Mr. Crowell had also obviously been informed of what my new V was, because when I walked in with another (legitimate) transferred kid, he beamed as if he was seeing a double rainbow. “And you must be Kim Cruz!” he gushed, patting my upper arm a beat too long. An intimacy that did not go unnoticed by the rest of the class who, like all animals in the jungle, are sensitive to any whiff of disturbance in the status quo.
“Why don’t you take that seat right in front? Or would you prefer the back row? Really, wherever you like. We want you to be as comfortable as possible here at Central and especially in our happy little homeroom. Right, class?”
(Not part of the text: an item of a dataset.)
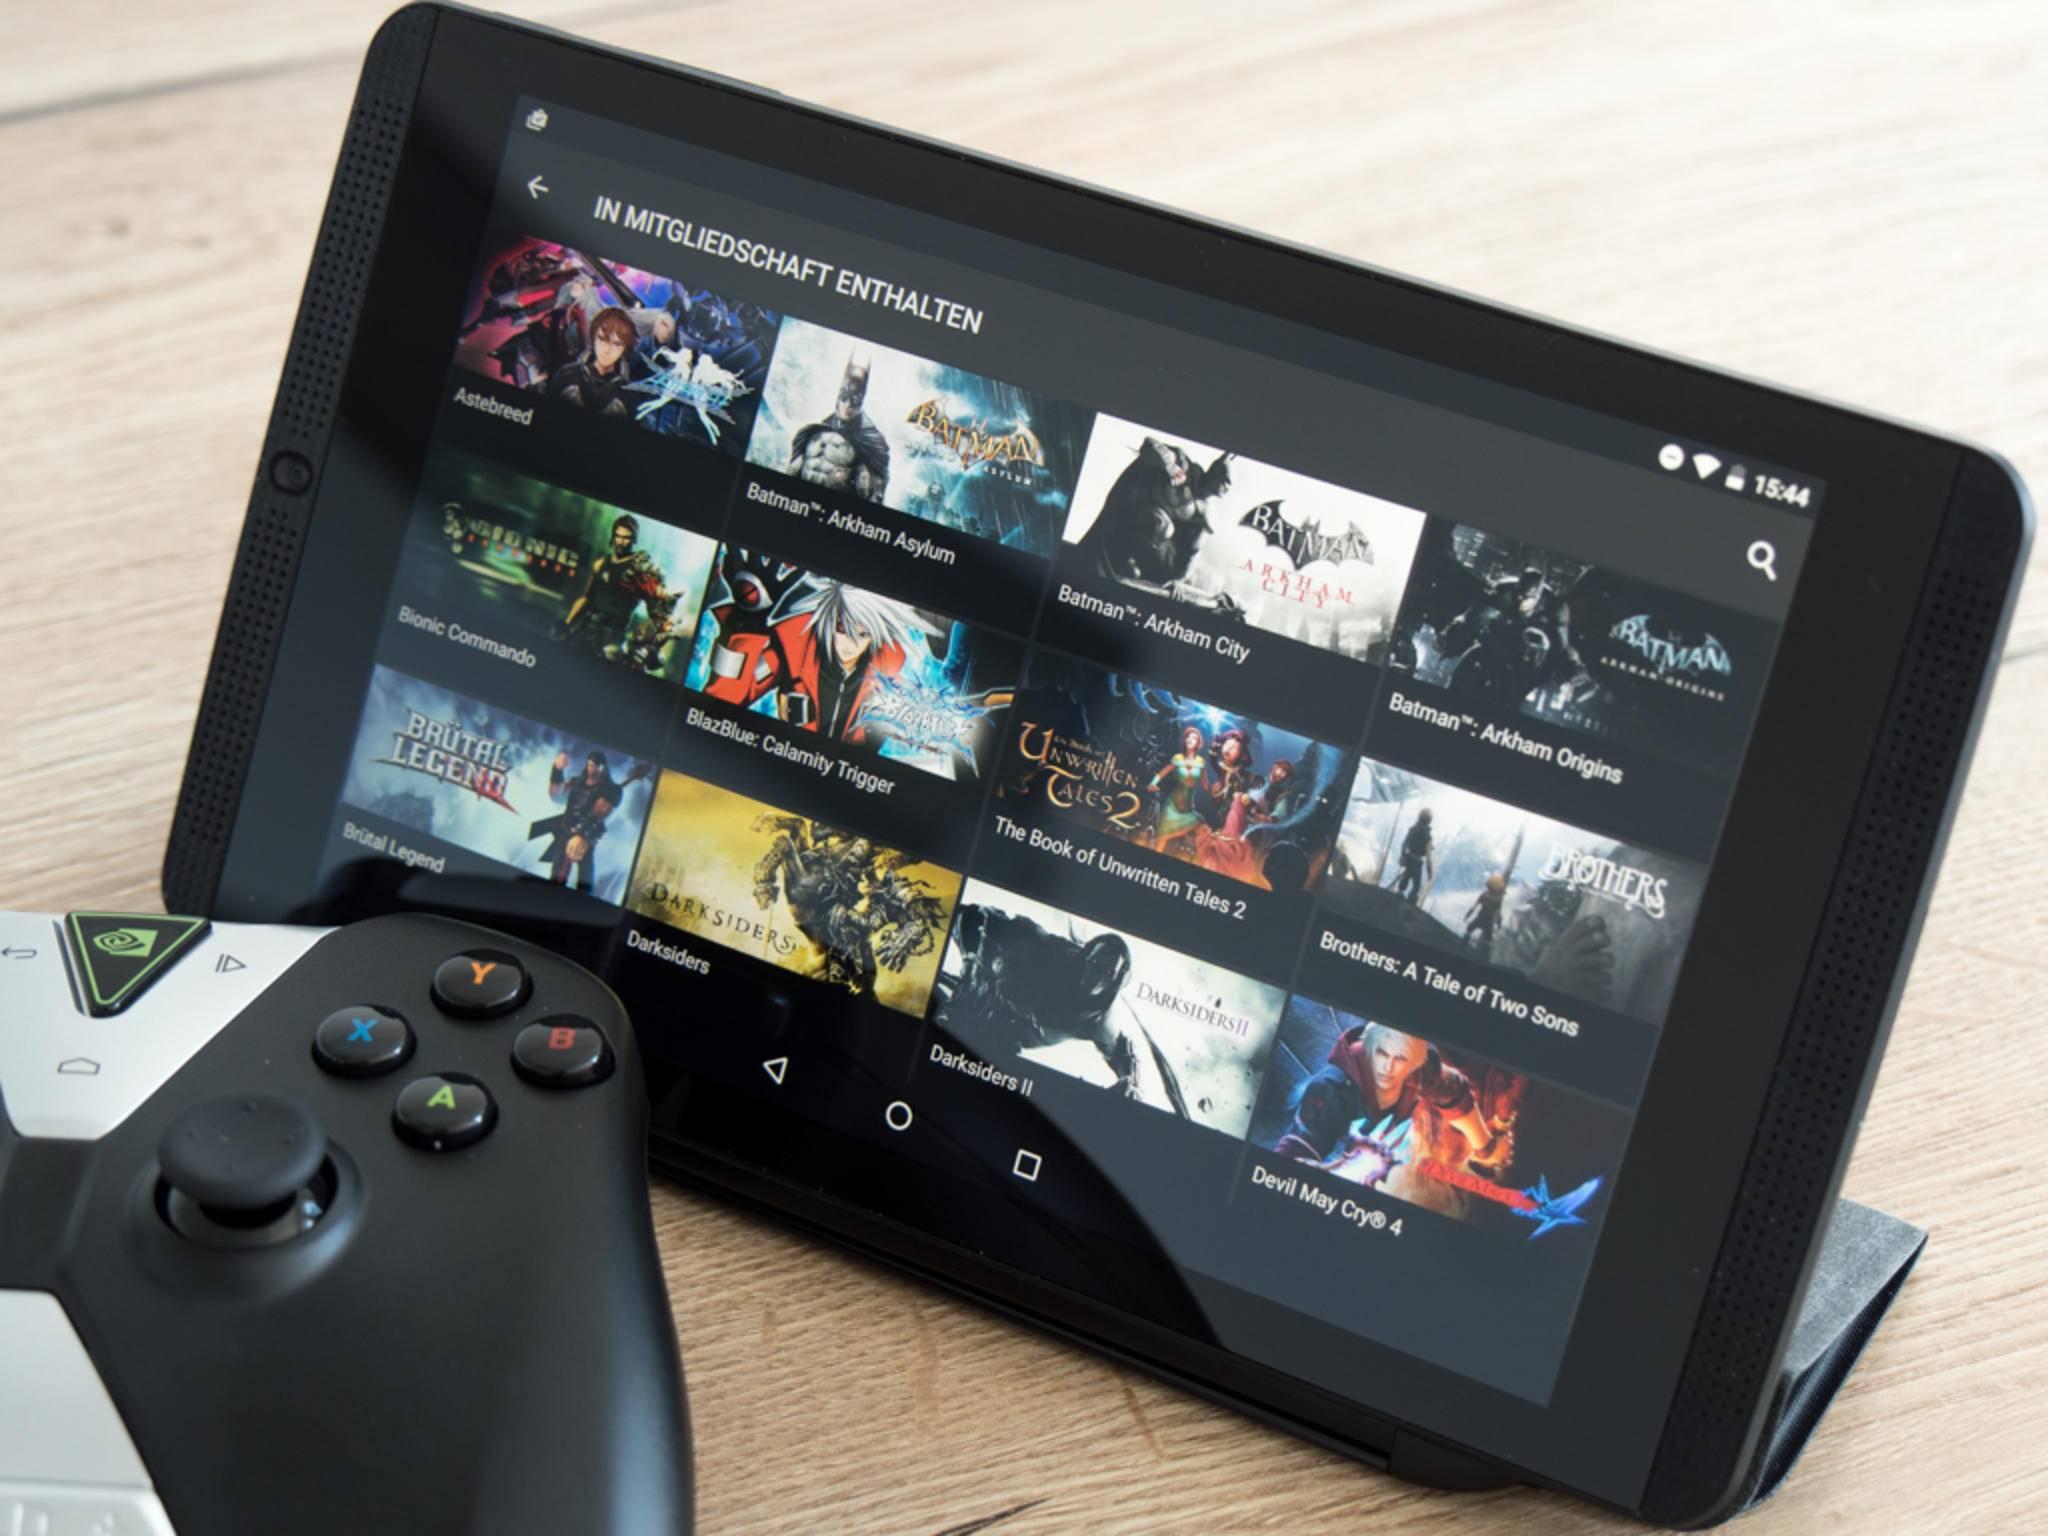 Das Nvidia Shield K1 könnte schon bald einen Nachfolger bekommen.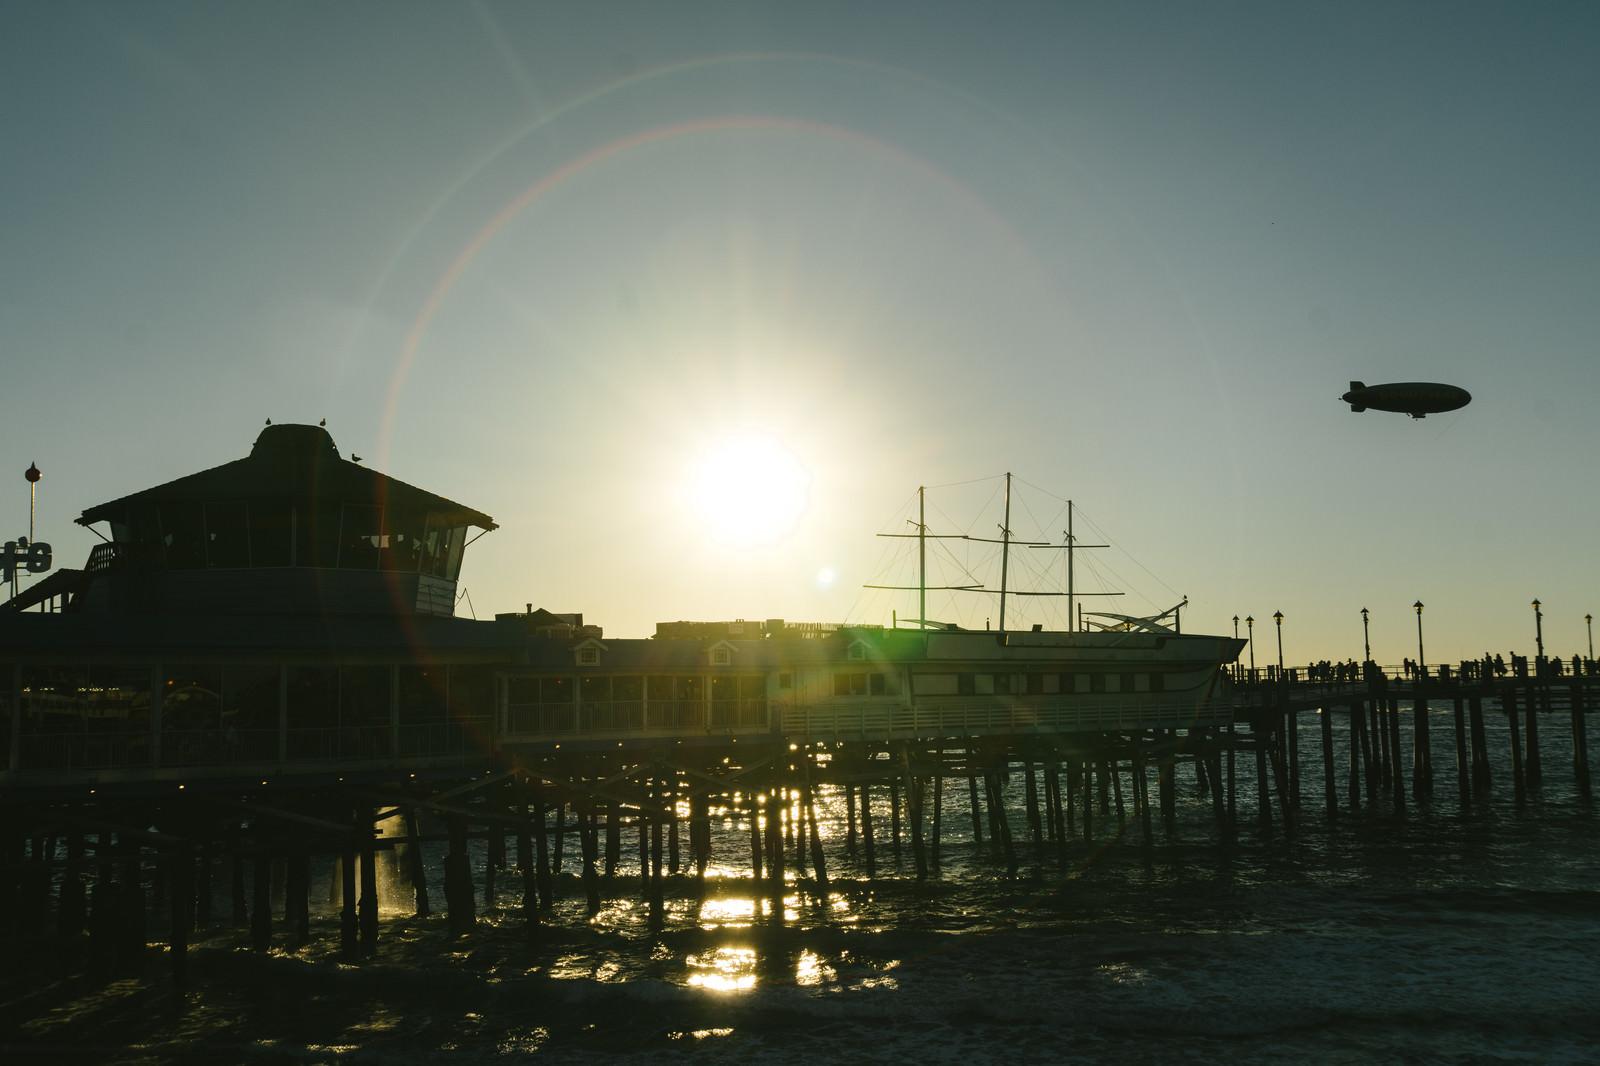 「逆光とレドンドビーチ」の写真

Nobody answered. They just stared at me like, Why is Chubbers getting special treatment? Mercifully, as I said, there was another transfer to the class, a guy named Kris who was dressed in silver Burberry sneakers, drop-crotch jeggings in neon yellow, and a sheer silver blouse. No joke. An actual blouse, like something my mom would have worn on a date when she was in graduate school. Kris and I gave each other the once-over, and knew undoubtedly what the whole class must be thinking in that moment: The freak show has rolled into town.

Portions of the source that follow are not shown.